На самом деле он действительно побрил голову.
Потом трубку снова взял отец. Теперь голос его звучал грубо и сухо – Митчелл его таким не знал.
– Ладно, хватит придуриваться. Быстро возвращайся. Полгода – вполне достаточный срок. Мы дали тебе кредитку на случай необходимости, так что теперь…
И ровно в этот момент – божественное вмешательство – связь оборвалась. Митчелл стоял с трубкой в руках, а за ним толпилась очередь бенгальцев. Он решил пропустить их, повесил трубку и подумал, что больше звонить не стоит. Родителям не понять, что с ним происходит и чему его научило это необыкновенное место. Письма тоже надо будет несколько пригасить. Описывать пейзажи и все.

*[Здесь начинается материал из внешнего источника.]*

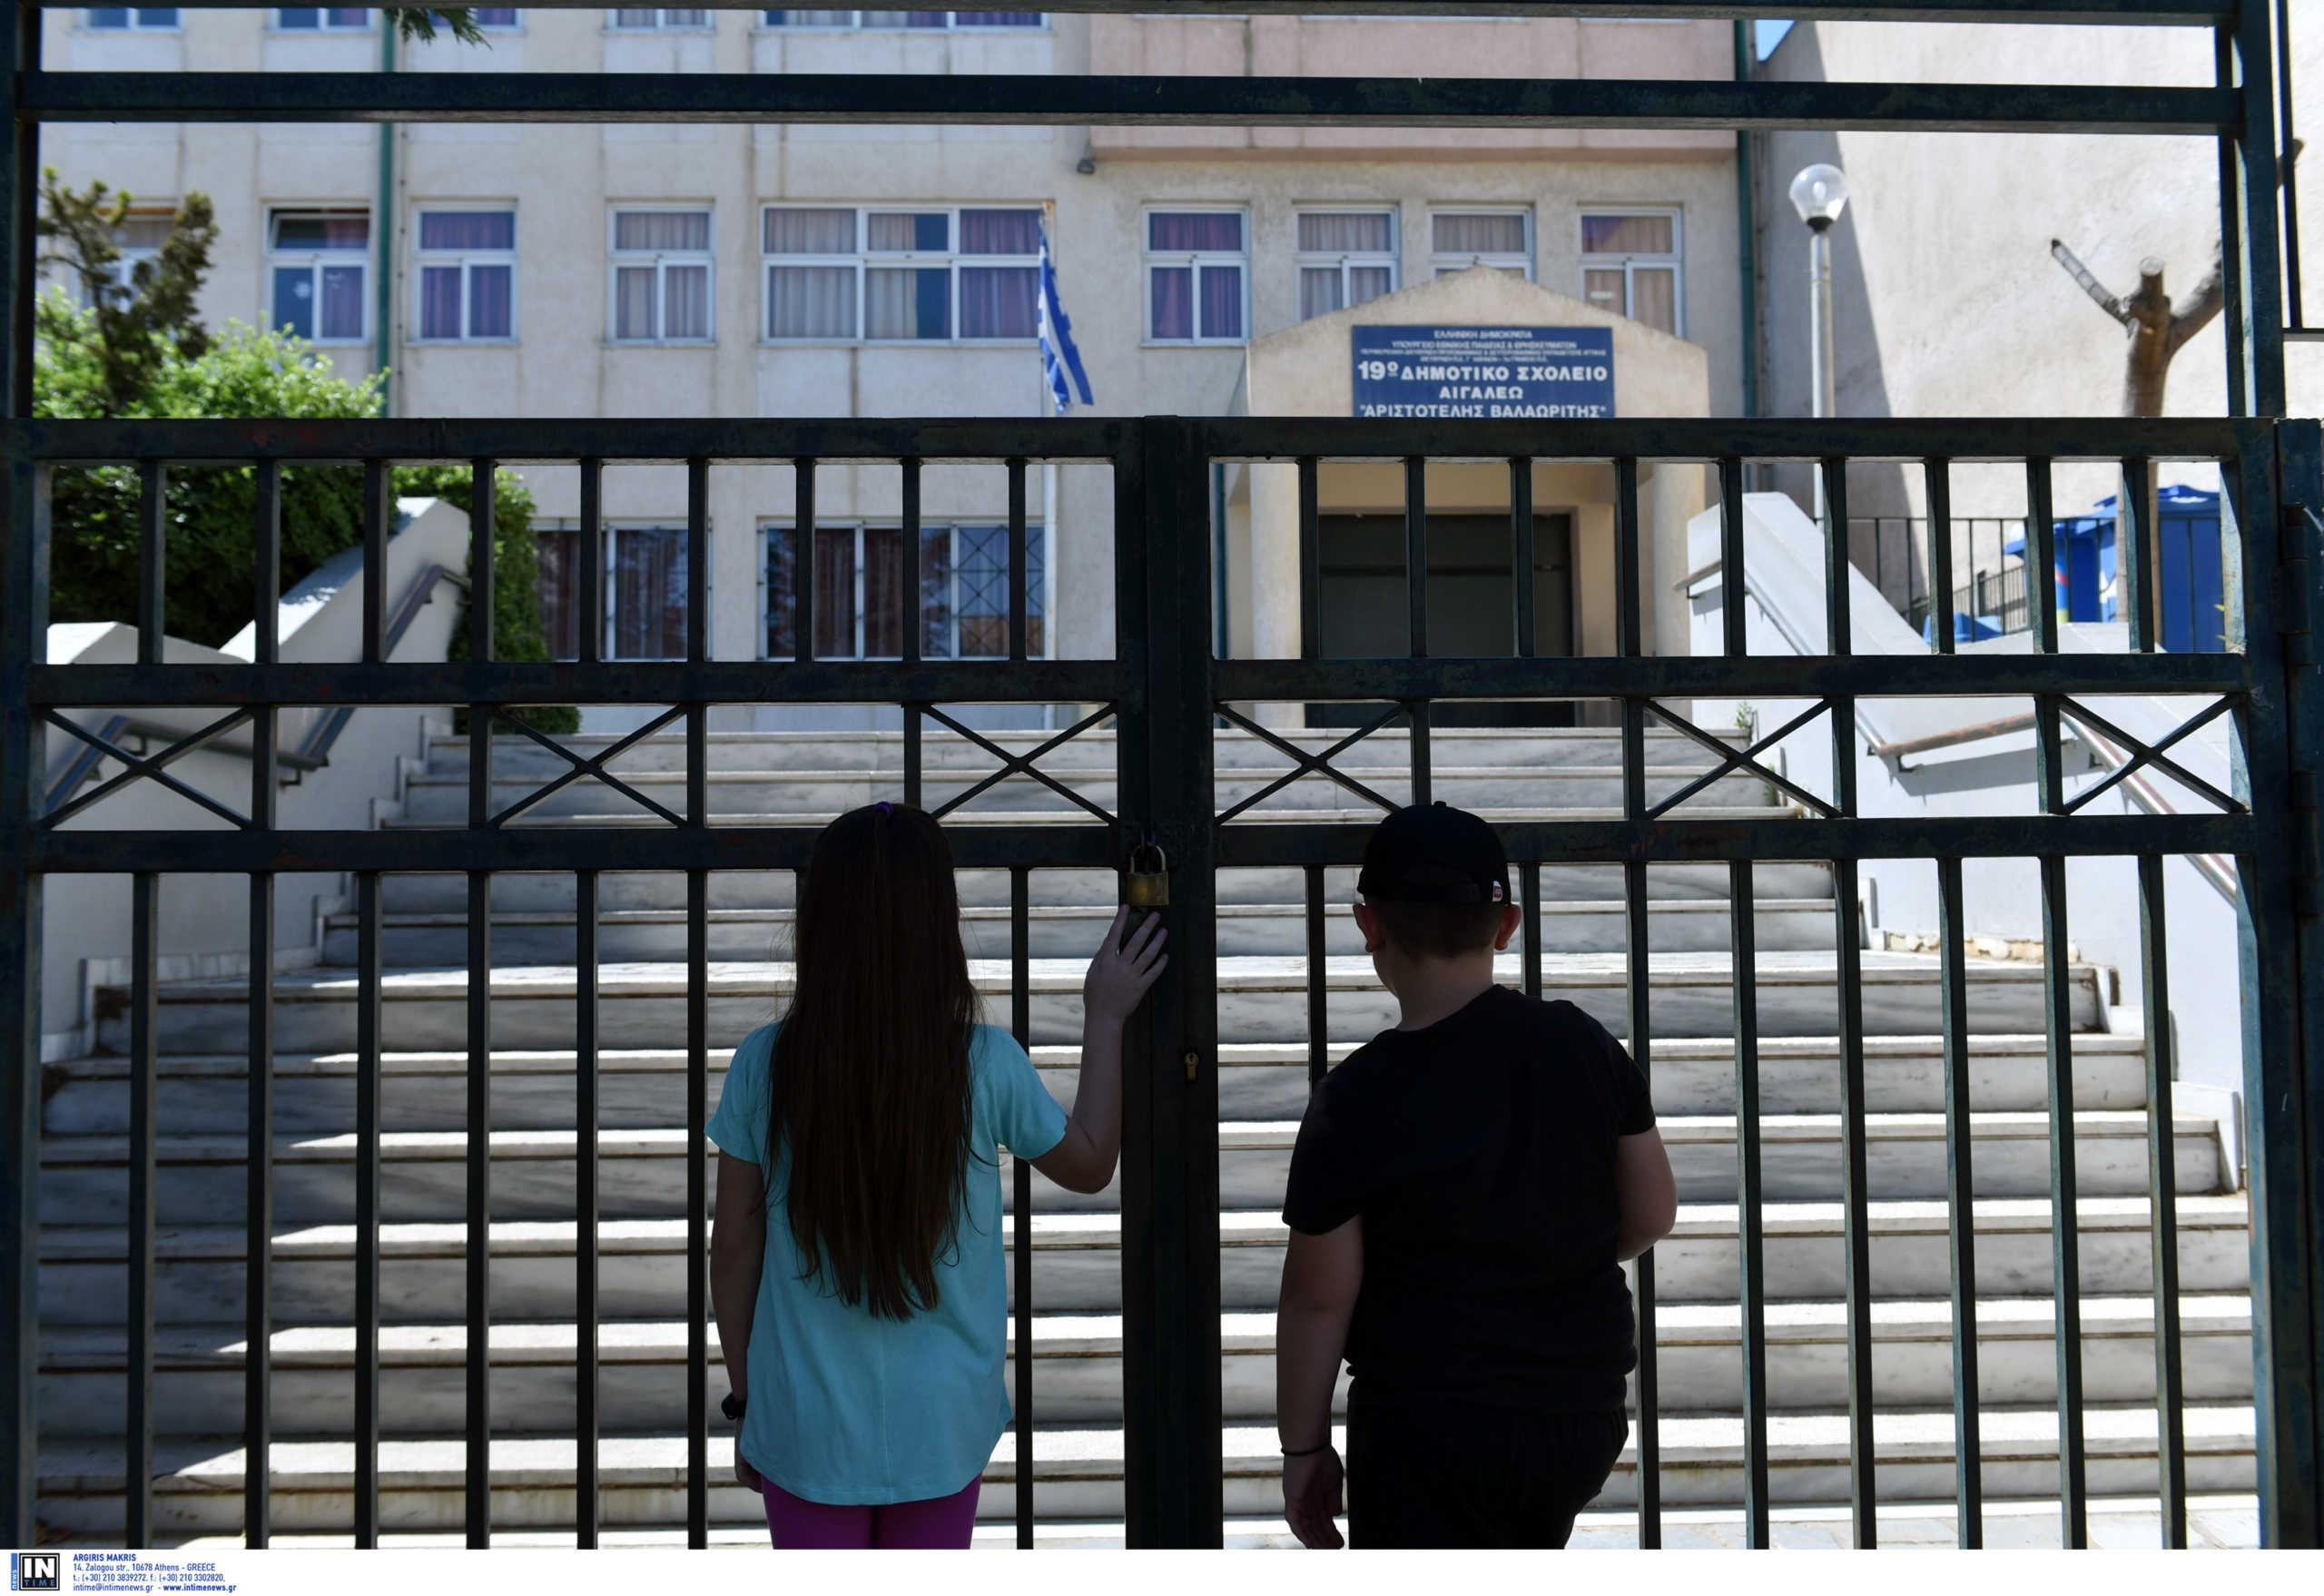 Δεν ανοίγουν τα σχολεία στη Σητεία λόγω της έξαρσης του κορονοϊού
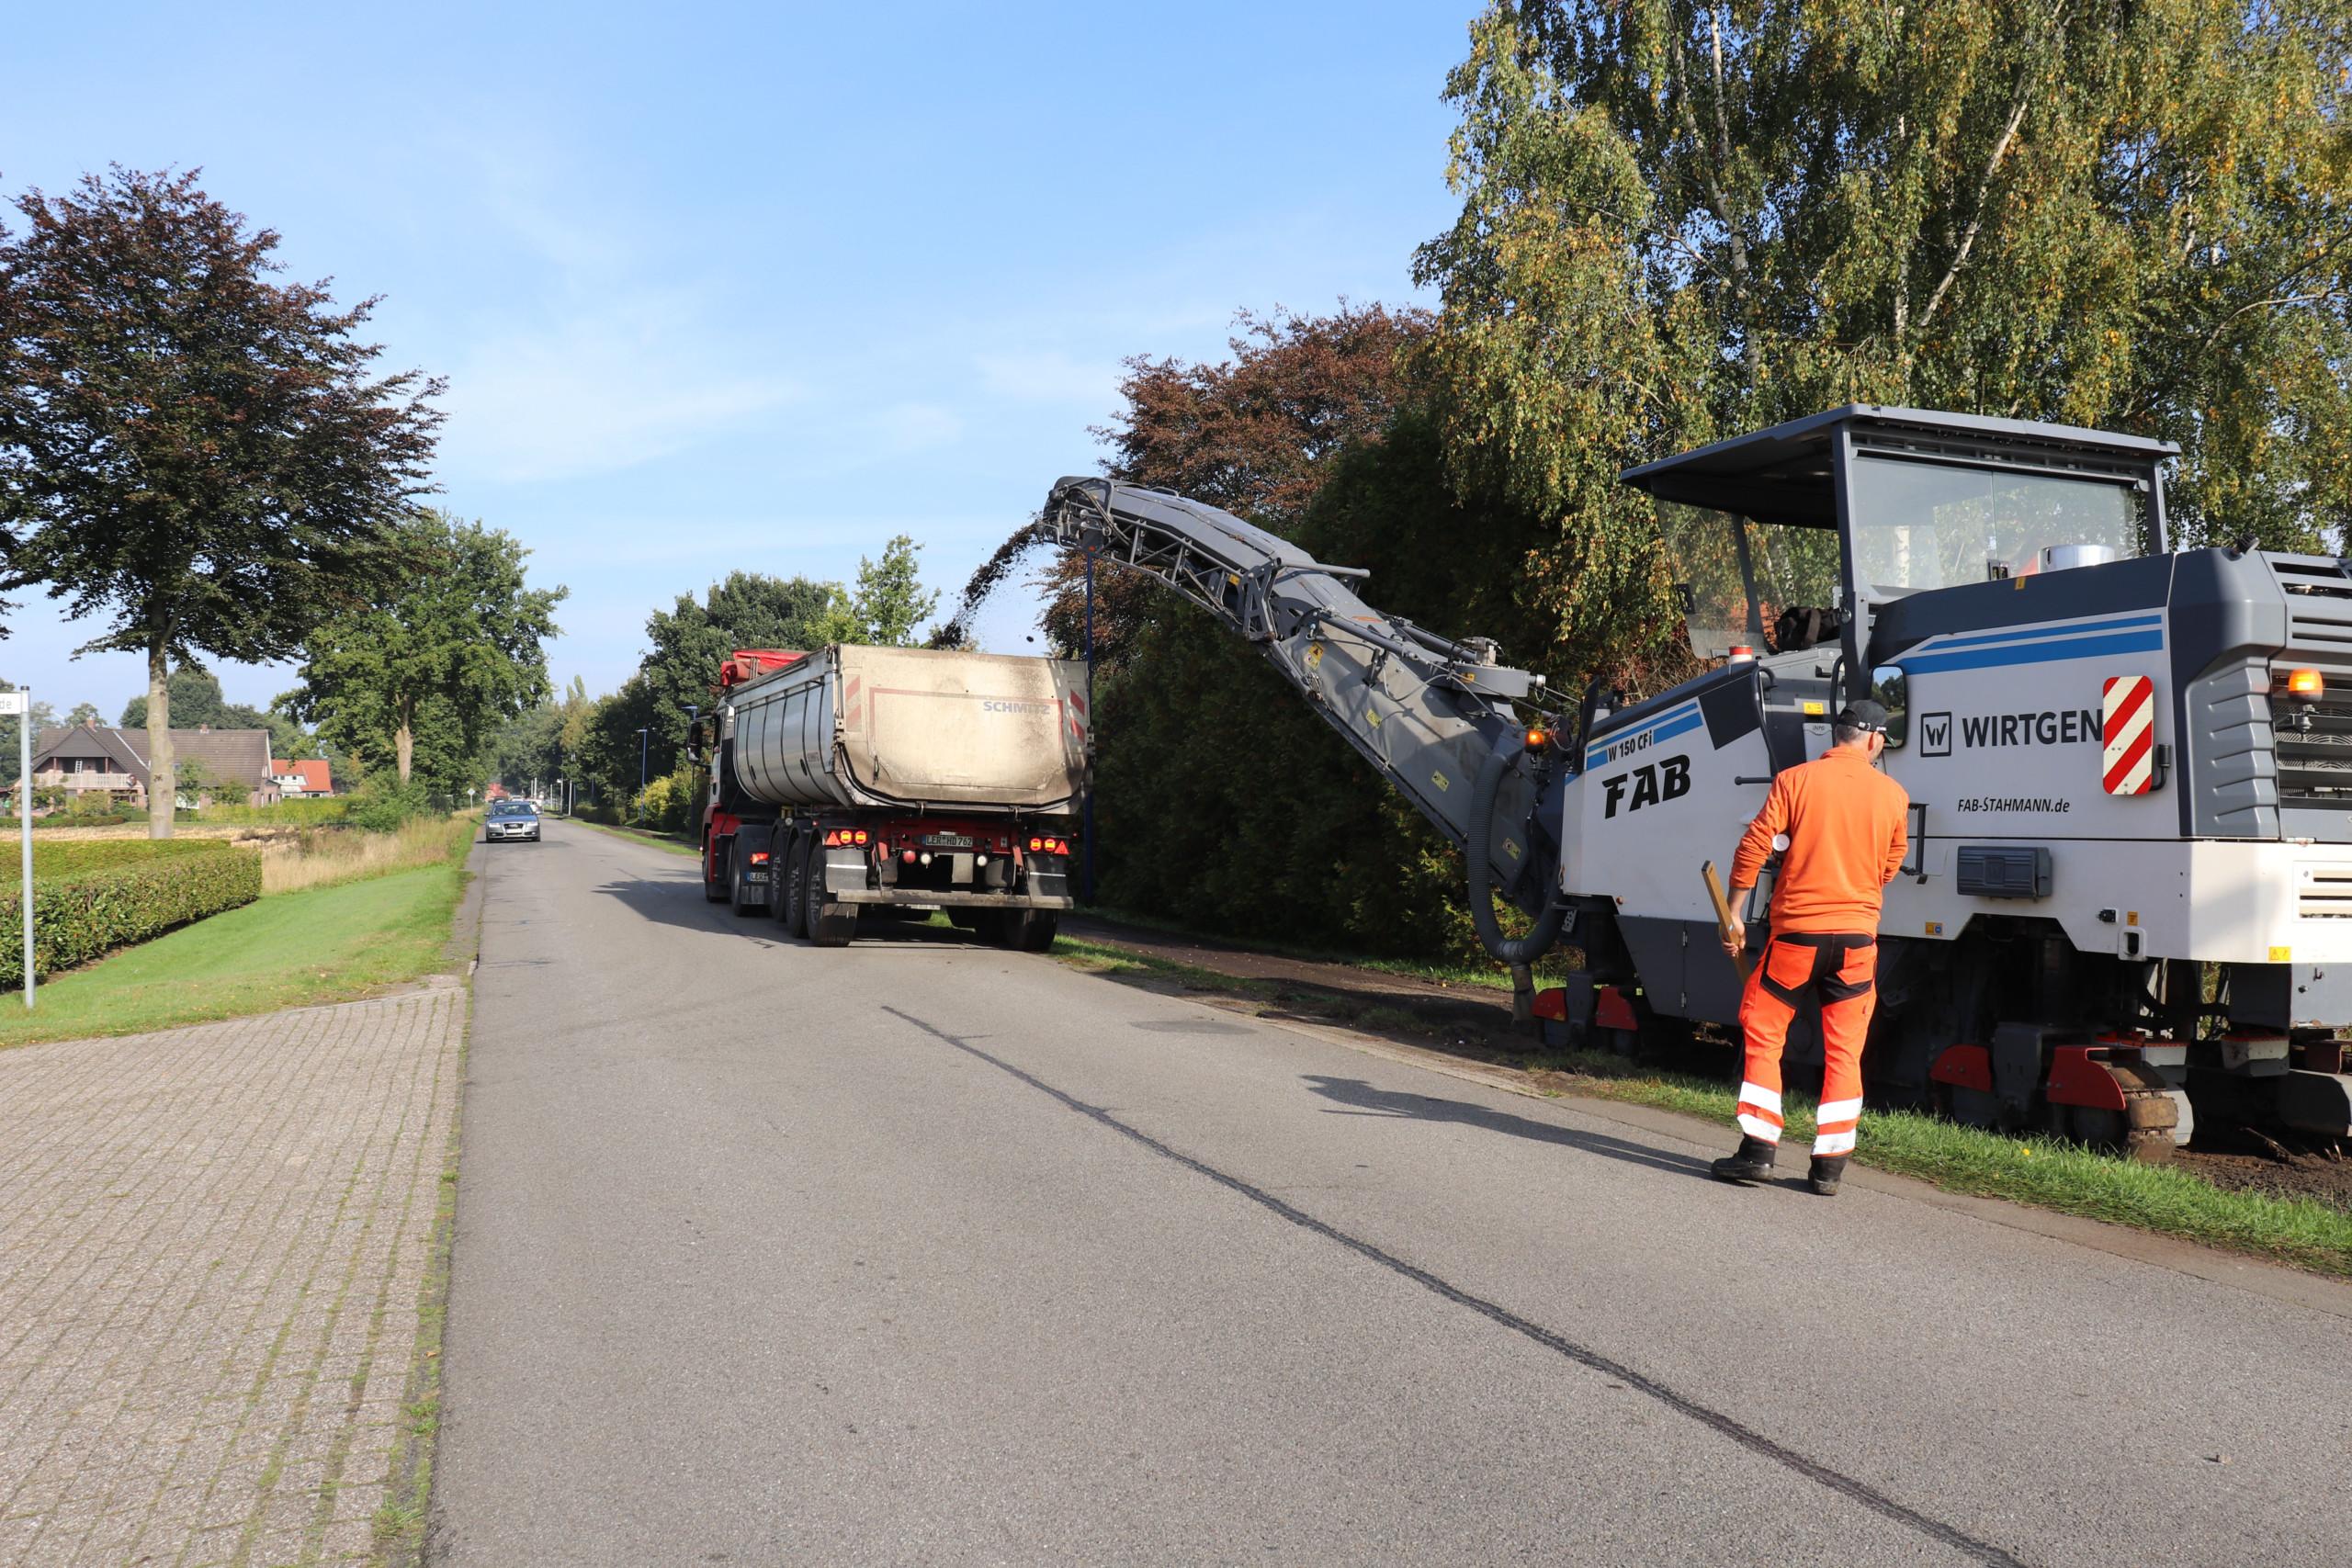 Mit einer Asphaltfräse wird die Asphaltdecke des Fahrradweges an der Westmarkstraße abgetragen. Aufnahme: Wlodarczyk/Gemeinde Barßel

Разумеется, из этого ничего не вышло. Не прошло и пяти дней, как он снова начал писать домой – на этот раз о нетленном теле святого Франциска Ксаверия и о том, как его четыреста лет выставляли на улицах Гоа, пока чрезмерно пылкий пилигрим не откусил ему палец. Митчелл был не в силах сдержаться. Все, что он видел вокруг – бенгальские фикусы, разукрашенные коровы, – заставляло схватиться за перо. Описывая увиденное, он тут же рассказывал, какое действие это произвело на него, а от красок видимого мира тут же переходил к сумраку и звону мира невидимого. Заболев, он тут же сообщил об этом домой: «Дорогие мама и папа! Кажется, я подхватил амебную дизентерию». Далее он описал симптомы и средства, которыми лечились другие путешественники. «Тут все этим рано или поздно заболевают. Буду голодать и медитировать, пока не полегчает. Немного похудел, но не сильно. Как только мне станет лучше, мы с Ларри поедем на Бали».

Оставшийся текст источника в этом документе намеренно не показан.